**Instructions to follow:** Find the line in the entries below that contains "still life with". Repeat it exactly, and every line after it through the line that contains "Leo Chevalier Leo".

(Beginning of Provided material)

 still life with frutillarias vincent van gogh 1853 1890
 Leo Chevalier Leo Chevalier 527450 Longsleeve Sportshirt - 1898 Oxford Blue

(End of Provided material)
(Beginning of Provided material)

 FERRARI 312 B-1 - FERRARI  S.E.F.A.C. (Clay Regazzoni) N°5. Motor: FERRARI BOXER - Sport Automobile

(End of Provided material)

**Written reply:**
 still life with frutillarias vincent van gogh 1853 1890
 Leo Chevalier Leo Chevalier 527450 Longsleeve Sportshirt - 1898 Oxford Blue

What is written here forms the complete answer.